Full contributions/repayments would
be remitted monthly, and full service credit, salary, contributions
and other deductions would be reported quarterly on the ROC.
If a periodic Workers' Compensation
award "with pay" is for only a percentage of the member's
regular salary, the member still contributes the normal amount
of pension deductions and is reported at full base salary on the
ROC.
Employer
Augmented Workers' Compensation Awards
Some employers augment a Workers'
Compensation award that is for less than the full base salary.
When an employer augments or compensates for the remaining portion
of the member's full salary, then the member is treated as "with
pay": the member's full contributions and regular deductions
are withheld from the employer's salary payment and the member
is reported for full salary and deductions on the ROC.
For example, an insurance company
pays a Workers' Compensation award of 70% of base salary directly
to the member.The employer elects to augment the award amount
by the remaining 30% of base salary.

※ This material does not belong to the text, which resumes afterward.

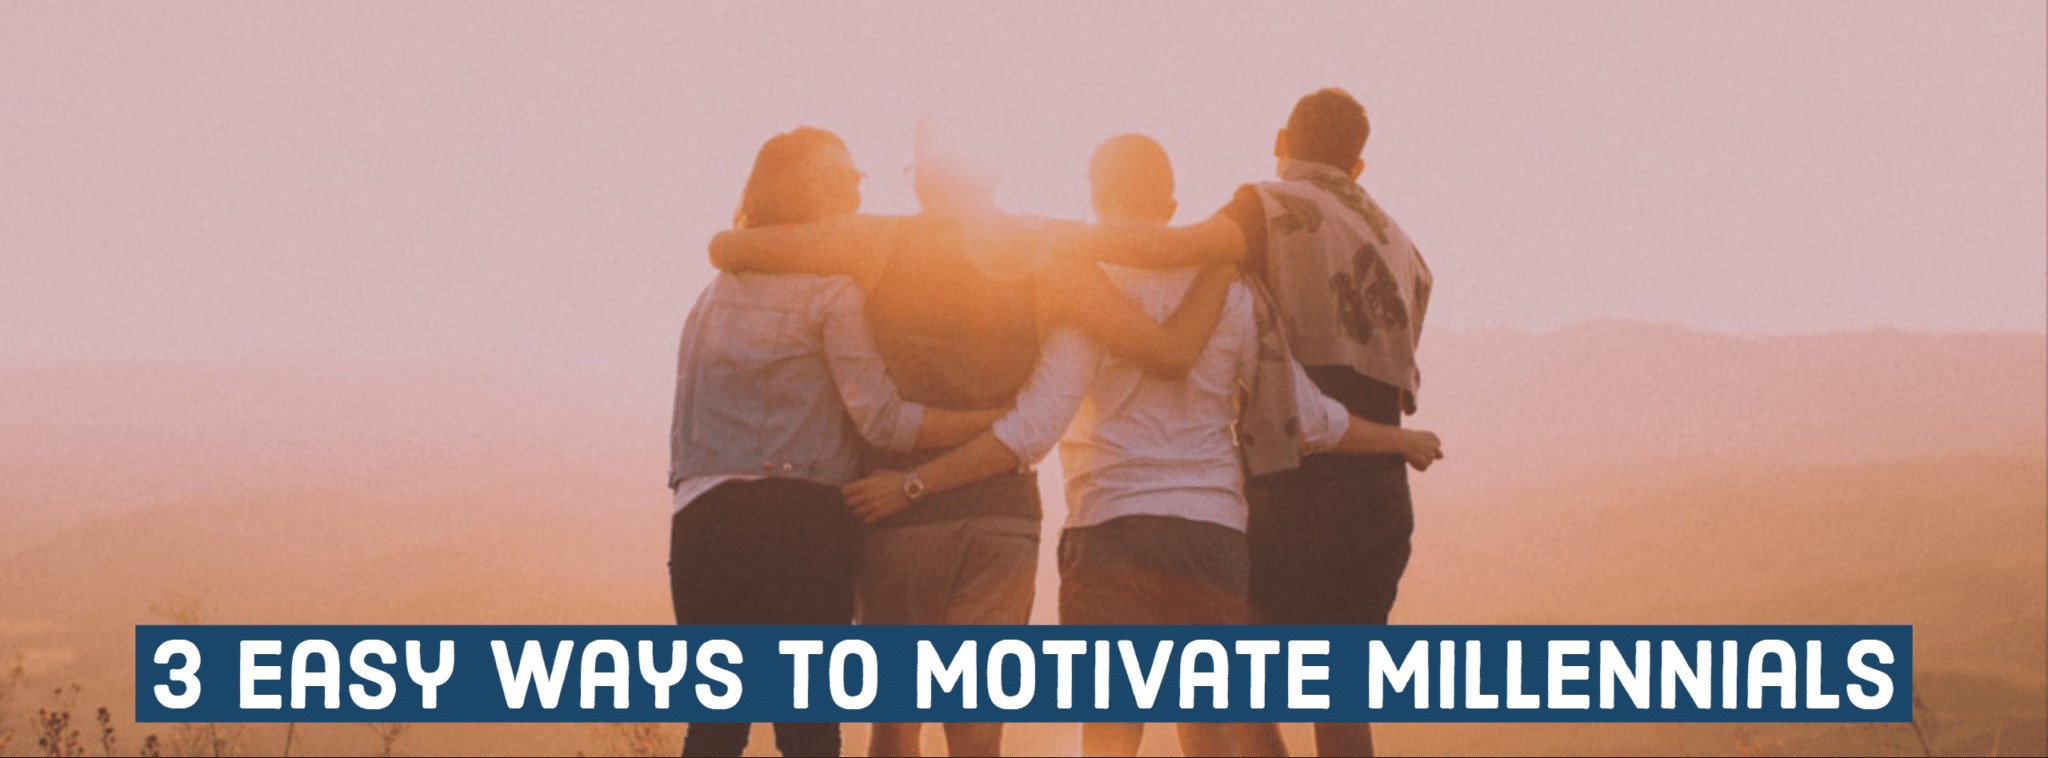 3 Easy ways to motivate millennials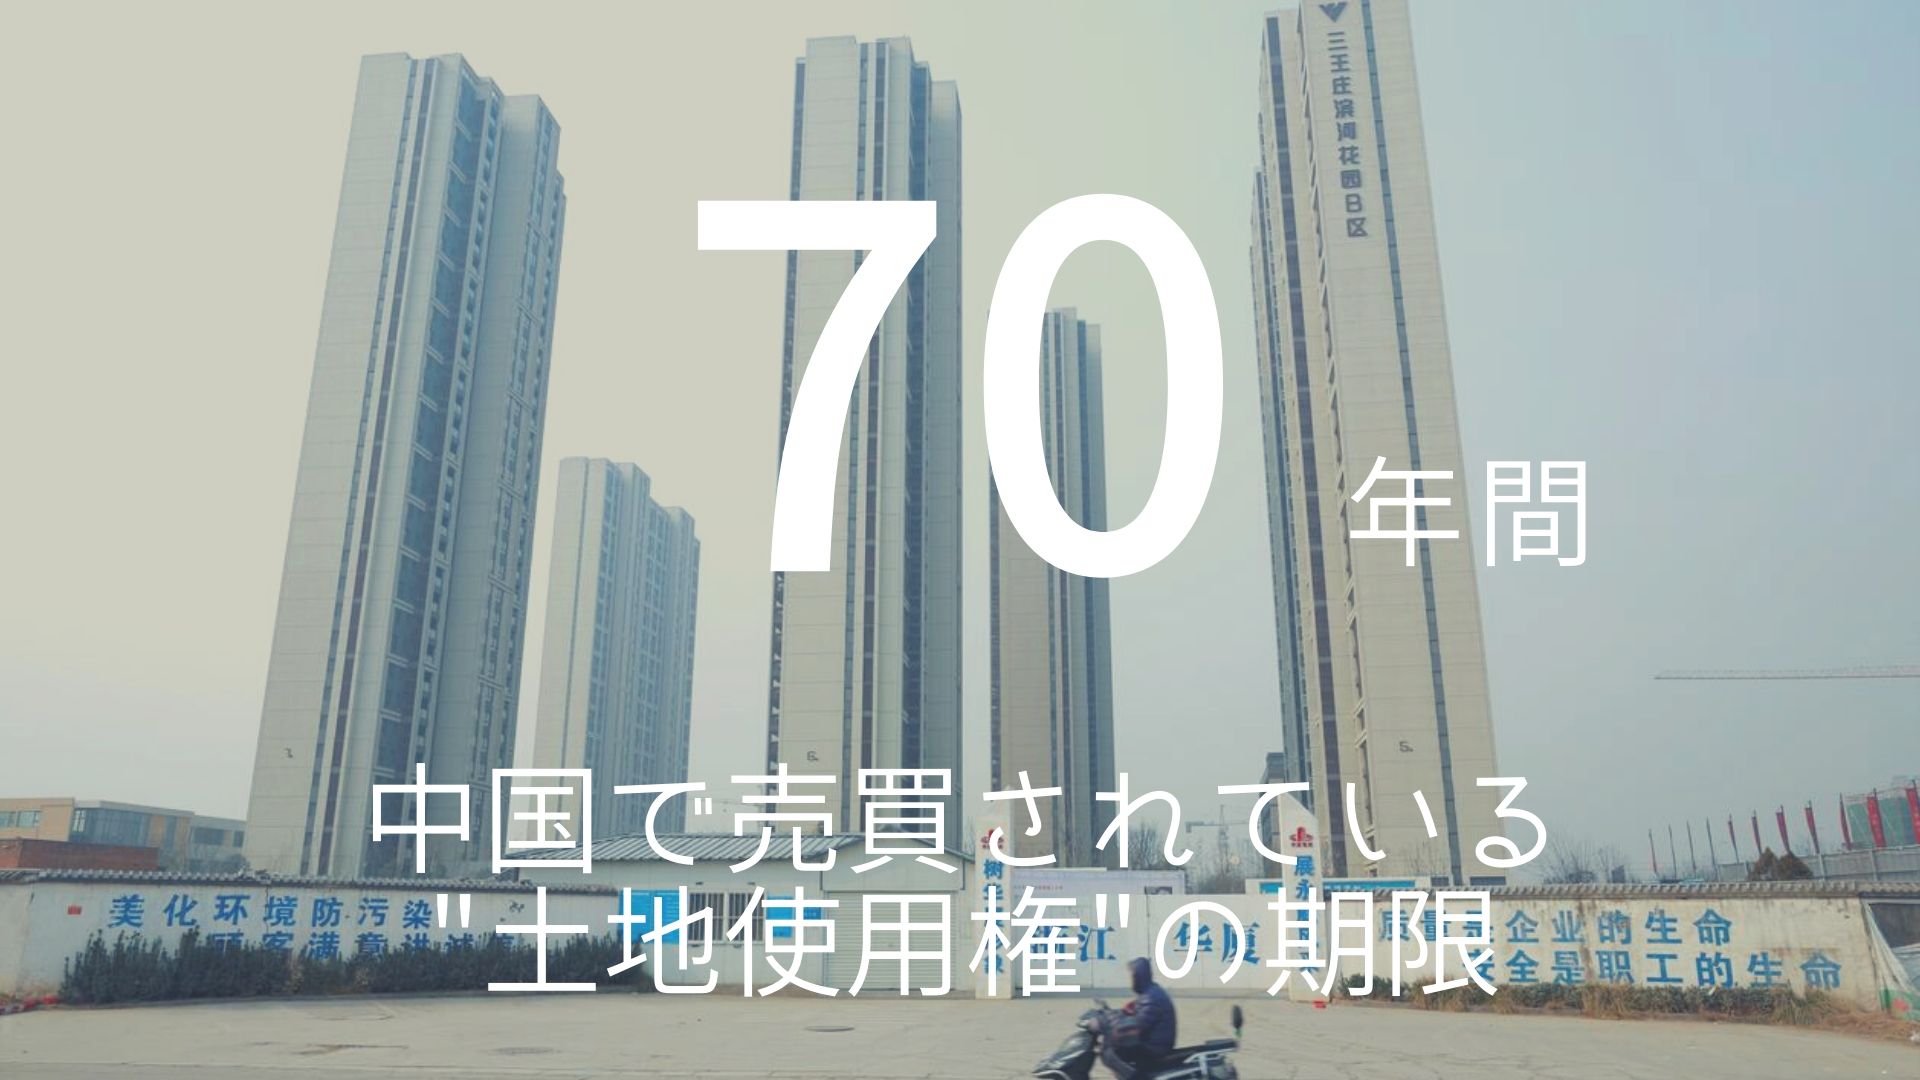 「70年間」 >>> 中国で売買されている”土地使用権”の期限。

The employer would deduct
pension contributions and repayments (loans, etc.) for 100% of
salary from the 30% check.
Workers'
Compensation Awards "without Pay"
The employer is responsible for paying
the member's normal pension contributions and mandatory back deductions
if the only payment the employee is receiving is a check directly
from the insurance company. This is considered Workers' Compensation
"without pay".
Full contributions would be remitted
monthly, and full service credit, pensionable salary, and contributions
would be reported quarterly on the ROC.
The employer is not responsible for
voluntary payments such as loans, arrears, and SACT contributions.
If the periodic Workers' Compensation
award "without pay" is for a percentage of the member's
regular salary, the employer will still remit the full monthly
pension contributions on behalf of the member and report the full
base salary on the ROC.
Contributory
Group Life Insurance Payments (PERS & TPAF Only)
If a Workers' Compensation award
is "with pay", the PERS or TPAF member is considered
to be active in all respects for pension purposes. Contributory
Group Life Insurance deductions from the member's salary will
continue as normal.
For the duration covered by the award
of Workers' Compensation "without pay", the PERS member
is considered "inactive" for purposes of group life
insurance coverage. The employer is obligated to inform the employee
of the requirement that group life insurance premiums must be
remitted to continue coverage.
The member must then make arrangements
to pre-pay the regular premium for contributory insurance. Payments
may be sent directly to the Division, or the employer may elect
to allow the member to pay the location, who would then forward
the premium to the Division through regular monthly TEPS transmittals
and report these premiums in the usual way on the ROC.
The key is that it is the PERS
member's responsibility to remit payments in advance (either
by direct payment or by payments made through the employer), or
face the termination of contributory insurance coverage. Premium
payments must to be remitted with a Personal
Life Insurance Remittance form.
TPAF members who are receiving Workers'
Compensation "without pay", or on approved leave of
absence for medical reasons, continue to be covered by contributory
life insurance. The TPAF contributory insurance premium is paid
for by the State and is not required of the member.
Health Benefits
and Workers' Compensation
When an employee has a Workers' Compensation
award pending, or who is receiving an award of periodic benefits
under Workers' Compensation or the Second Injury Fund, the employee
is considered active in all respects for health benefits coverage.
Health benefits coverage will continue in force for the employee
and all eligible dependents covered under the employee's coverage
level selection. If the employee shares in the cost of health
benefit premiums, an employee receiving Workers' Compensation
"without pay" must pay the employer in advance for his
or her share of the premiums. If the Workers' Compensation award
is "with pay", the premium share may continue to be
deducted from the employee's paycheck.